Caelan curled her knees to her chest and shrank into herself, wilting like a dying flower. A hiccupping sob shuddered her shoulders. “I can’t do this anymore,” she managed between sharp inhales. “I can’t keep fighting what I am. I didn’t understand it—I still don’t—but the universe doesn’t give a damn about that. It wants me to kill. I knew something bad would happen if I listened to the call, but killing?—”
“We’ll find a way to stop it,” Miya reassured.
“How?” She lifted her head, bloodshot eyes rimmed with tears. “I don’t see a way out.”
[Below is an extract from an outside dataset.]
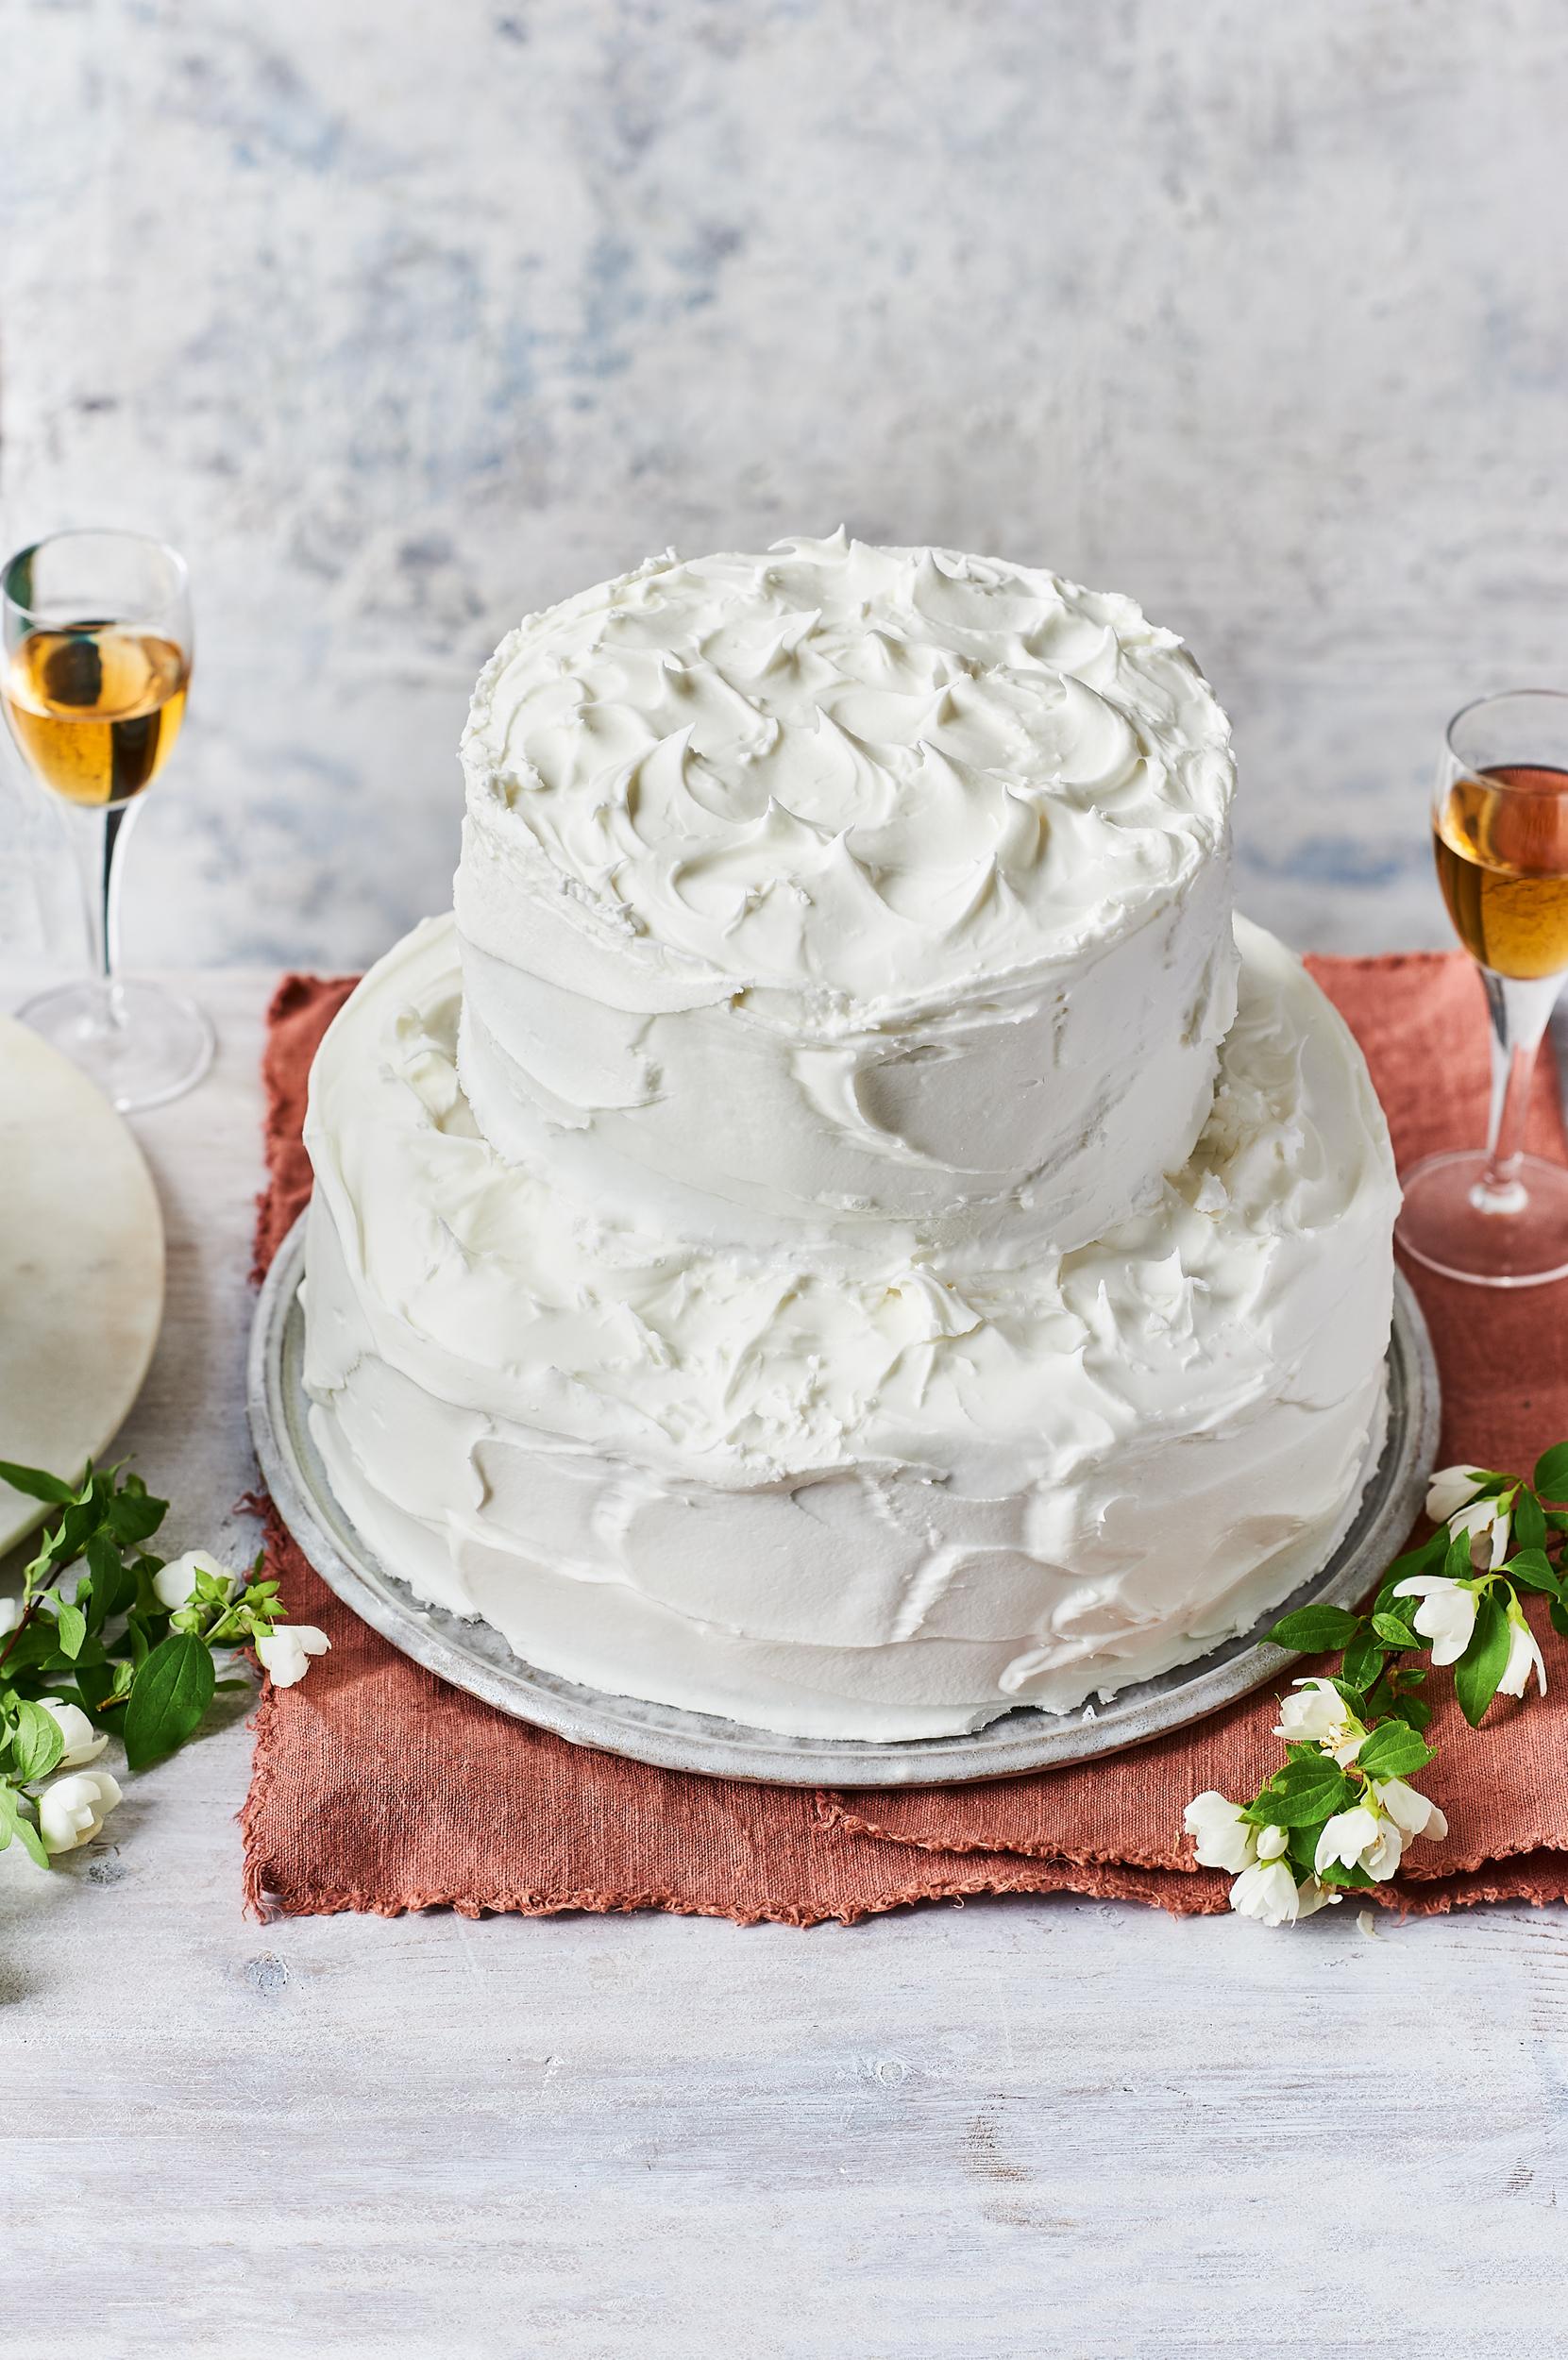 Steph's Christmas Cake (Faith Mason/PA)

Sorrow was a fist around Miya’s heart. She understood this helplessness—had worn it for years. Youth was difficult enough, but bearing a supernatural burden turned hurdles into stone walls. “We’re just barely starting to understand this, and we have three days to come up with a plan.” She’d call Ama—force her and Kai to reconcile. They needed the white wolf’s knowledge about other worlds. Gavran would help too, but he was a wily spirit, frequently speaking in riddles and vanishing for days on end.
Feeling Kai’s torrid stare, Miya locked eyes with him. He was suspiciously quiet, his jaw clenched as he parsed something only he was privy to. An imagined scenario. A hypothetical outcome. His brow knitted, the look he gave her both bladed and apologetic.
One of them has to die , it said. A morbid calculation.
An acrid taste filled Miya’s mouth, and she gave a slight shake of her head, an outright rejection. “Come on,” she said to Caelan, though her attention remained on Kai. “Let’s get some air. I think it’s getting a little cramped in here.”
As the teen rose and joined Miya by the door, Kai’s gaze dropped to the knife in his hand. Thumb braced on the haft, he sliced into white flesh, carving out the apple’s core.